GIVEN DATA:
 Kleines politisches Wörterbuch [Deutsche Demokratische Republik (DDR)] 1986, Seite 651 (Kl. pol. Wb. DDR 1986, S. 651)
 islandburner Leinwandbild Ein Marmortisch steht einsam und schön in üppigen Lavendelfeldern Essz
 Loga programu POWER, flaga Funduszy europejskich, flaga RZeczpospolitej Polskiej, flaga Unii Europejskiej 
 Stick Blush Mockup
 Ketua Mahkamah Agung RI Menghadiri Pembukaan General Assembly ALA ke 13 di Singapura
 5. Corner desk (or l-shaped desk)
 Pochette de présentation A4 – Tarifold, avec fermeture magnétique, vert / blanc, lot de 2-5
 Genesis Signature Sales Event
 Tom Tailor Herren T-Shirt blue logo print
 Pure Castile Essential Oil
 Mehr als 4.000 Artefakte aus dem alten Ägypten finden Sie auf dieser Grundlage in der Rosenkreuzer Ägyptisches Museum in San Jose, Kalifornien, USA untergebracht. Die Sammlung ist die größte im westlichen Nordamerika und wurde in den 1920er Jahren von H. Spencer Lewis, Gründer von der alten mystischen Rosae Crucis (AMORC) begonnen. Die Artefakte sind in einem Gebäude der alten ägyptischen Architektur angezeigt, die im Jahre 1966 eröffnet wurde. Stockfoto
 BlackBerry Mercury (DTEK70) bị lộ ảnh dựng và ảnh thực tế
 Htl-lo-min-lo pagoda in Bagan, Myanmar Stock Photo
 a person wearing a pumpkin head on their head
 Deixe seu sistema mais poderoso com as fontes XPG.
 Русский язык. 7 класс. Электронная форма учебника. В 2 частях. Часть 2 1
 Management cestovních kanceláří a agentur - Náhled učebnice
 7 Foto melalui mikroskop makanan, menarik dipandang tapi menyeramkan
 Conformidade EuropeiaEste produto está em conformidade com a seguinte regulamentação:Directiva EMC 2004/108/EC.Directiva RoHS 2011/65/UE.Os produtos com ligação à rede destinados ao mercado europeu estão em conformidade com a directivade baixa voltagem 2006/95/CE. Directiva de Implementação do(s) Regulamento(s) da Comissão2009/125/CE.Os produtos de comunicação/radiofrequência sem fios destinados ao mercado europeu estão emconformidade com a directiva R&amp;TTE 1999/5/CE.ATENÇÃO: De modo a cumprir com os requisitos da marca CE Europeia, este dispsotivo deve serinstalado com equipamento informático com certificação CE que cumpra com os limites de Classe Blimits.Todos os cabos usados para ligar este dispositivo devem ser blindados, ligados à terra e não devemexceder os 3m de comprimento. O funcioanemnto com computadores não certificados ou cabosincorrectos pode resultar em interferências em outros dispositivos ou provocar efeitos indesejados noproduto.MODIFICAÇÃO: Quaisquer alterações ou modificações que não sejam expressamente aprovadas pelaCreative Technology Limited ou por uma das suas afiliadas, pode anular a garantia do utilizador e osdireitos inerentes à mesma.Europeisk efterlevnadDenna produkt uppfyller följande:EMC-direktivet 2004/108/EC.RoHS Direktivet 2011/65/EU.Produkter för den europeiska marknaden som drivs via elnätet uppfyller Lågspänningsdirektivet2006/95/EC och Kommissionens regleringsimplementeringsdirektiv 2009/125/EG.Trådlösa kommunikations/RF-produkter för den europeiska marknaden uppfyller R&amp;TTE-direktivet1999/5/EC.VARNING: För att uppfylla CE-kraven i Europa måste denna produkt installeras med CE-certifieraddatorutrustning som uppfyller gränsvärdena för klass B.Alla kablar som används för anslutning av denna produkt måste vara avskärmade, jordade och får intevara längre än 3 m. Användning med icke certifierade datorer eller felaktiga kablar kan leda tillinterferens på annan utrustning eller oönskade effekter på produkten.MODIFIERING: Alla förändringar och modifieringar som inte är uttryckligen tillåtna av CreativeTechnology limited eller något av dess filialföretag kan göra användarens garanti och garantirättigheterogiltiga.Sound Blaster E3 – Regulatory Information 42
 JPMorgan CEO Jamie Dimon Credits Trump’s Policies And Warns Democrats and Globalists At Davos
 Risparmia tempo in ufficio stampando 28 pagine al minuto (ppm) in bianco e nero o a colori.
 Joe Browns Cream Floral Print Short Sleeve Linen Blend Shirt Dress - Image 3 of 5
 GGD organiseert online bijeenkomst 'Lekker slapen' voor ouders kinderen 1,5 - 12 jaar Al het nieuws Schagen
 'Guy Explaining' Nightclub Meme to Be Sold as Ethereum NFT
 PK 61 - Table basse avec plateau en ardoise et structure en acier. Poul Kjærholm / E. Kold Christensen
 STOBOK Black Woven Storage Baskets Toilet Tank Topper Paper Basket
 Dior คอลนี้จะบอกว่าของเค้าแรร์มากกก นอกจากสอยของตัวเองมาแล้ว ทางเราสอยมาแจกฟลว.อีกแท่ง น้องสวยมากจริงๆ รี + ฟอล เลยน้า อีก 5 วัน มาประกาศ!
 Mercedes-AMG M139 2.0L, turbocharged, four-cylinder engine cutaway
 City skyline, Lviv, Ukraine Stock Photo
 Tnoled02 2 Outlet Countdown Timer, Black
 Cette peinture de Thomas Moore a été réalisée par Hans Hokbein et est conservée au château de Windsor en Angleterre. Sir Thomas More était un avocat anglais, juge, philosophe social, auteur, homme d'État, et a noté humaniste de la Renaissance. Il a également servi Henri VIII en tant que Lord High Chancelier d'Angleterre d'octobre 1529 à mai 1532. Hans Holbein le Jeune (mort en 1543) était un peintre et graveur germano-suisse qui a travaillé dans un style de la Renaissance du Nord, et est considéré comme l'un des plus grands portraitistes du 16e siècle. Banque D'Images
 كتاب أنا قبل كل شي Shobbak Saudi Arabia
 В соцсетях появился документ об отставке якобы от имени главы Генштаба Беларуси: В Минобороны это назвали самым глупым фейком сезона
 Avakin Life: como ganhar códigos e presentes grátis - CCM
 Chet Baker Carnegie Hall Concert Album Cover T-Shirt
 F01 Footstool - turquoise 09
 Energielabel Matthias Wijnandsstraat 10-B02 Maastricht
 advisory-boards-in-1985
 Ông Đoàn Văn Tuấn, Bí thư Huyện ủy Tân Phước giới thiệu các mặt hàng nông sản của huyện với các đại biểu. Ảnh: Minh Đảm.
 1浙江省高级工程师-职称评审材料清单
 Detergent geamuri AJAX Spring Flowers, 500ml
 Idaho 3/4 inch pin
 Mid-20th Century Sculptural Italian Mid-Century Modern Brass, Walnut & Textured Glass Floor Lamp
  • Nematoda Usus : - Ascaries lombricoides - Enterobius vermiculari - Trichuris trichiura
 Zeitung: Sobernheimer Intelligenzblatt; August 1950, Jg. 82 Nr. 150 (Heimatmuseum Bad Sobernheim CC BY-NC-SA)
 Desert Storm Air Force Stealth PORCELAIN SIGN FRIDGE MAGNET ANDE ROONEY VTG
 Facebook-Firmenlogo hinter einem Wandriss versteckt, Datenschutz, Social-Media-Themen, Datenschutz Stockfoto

EXERCISE DIRECTIONS:
The lines to reproduce run from the one that contains "GGD organiseert online" through the last line above; copy them exactly.

RESULT OF THIS TASK:
 GGD organiseert online bijeenkomst 'Lekker slapen' voor ouders kinderen 1,5 - 12 jaar Al het nieuws Schagen
 'Guy Explaining' Nightclub Meme to Be Sold as Ethereum NFT
 PK 61 - Table basse avec plateau en ardoise et structure en acier. Poul Kjærholm / E. Kold Christensen
 STOBOK Black Woven Storage Baskets Toilet Tank Topper Paper Basket
 Dior คอลนี้จะบอกว่าของเค้าแรร์มากกก นอกจากสอยของตัวเองมาแล้ว ทางเราสอยมาแจกฟลว.อีกแท่ง น้องสวยมากจริงๆ รี + ฟอล เลยน้า อีก 5 วัน มาประกาศ!
 Mercedes-AMG M139 2.0L, turbocharged, four-cylinder engine cutaway
 City skyline, Lviv, Ukraine Stock Photo
 Tnoled02 2 Outlet Countdown Timer, Black
 Cette peinture de Thomas Moore a été réalisée par Hans Hokbein et est conservée au château de Windsor en Angleterre. Sir Thomas More était un avocat anglais, juge, philosophe social, auteur, homme d'État, et a noté humaniste de la Renaissance. Il a également servi Henri VIII en tant que Lord High Chancelier d'Angleterre d'octobre 1529 à mai 1532. Hans Holbein le Jeune (mort en 1543) était un peintre et graveur germano-suisse qui a travaillé dans un style de la Renaissance du Nord, et est considéré comme l'un des plus grands portraitistes du 16e siècle. Banque D'Images
 كتاب أنا قبل كل شي Shobbak Saudi Arabia
 В соцсетях появился документ об отставке якобы от имени главы Генштаба Беларуси: В Минобороны это назвали самым глупым фейком сезона
 Avakin Life: como ganhar códigos e presentes grátis - CCM
 Chet Baker Carnegie Hall Concert Album Cover T-Shirt
 F01 Footstool - turquoise 09
 Energielabel Matthias Wijnandsstraat 10-B02 Maastricht
 advisory-boards-in-1985
 Ông Đoàn Văn Tuấn, Bí thư Huyện ủy Tân Phước giới thiệu các mặt hàng nông sản của huyện với các đại biểu. Ảnh: Minh Đảm.
 1浙江省高级工程师-职称评审材料清单
 Detergent geamuri AJAX Spring Flowers, 500ml
 Idaho 3/4 inch pin
 Mid-20th Century Sculptural Italian Mid-Century Modern Brass, Walnut & Textured Glass Floor Lamp
  • Nematoda Usus : - Ascaries lombricoides - Enterobius vermiculari - Trichuris trichiura
 Zeitung: Sobernheimer Intelligenzblatt; August 1950, Jg. 82 Nr. 150 (Heimatmuseum Bad Sobernheim CC BY-NC-SA)
 Desert Storm Air Force Stealth PORCELAIN SIGN FRIDGE MAGNET ANDE ROONEY VTG
 Facebook-Firmenlogo hinter einem Wandriss versteckt, Datenschutz, Social-Media-Themen, Datenschutz Stockfoto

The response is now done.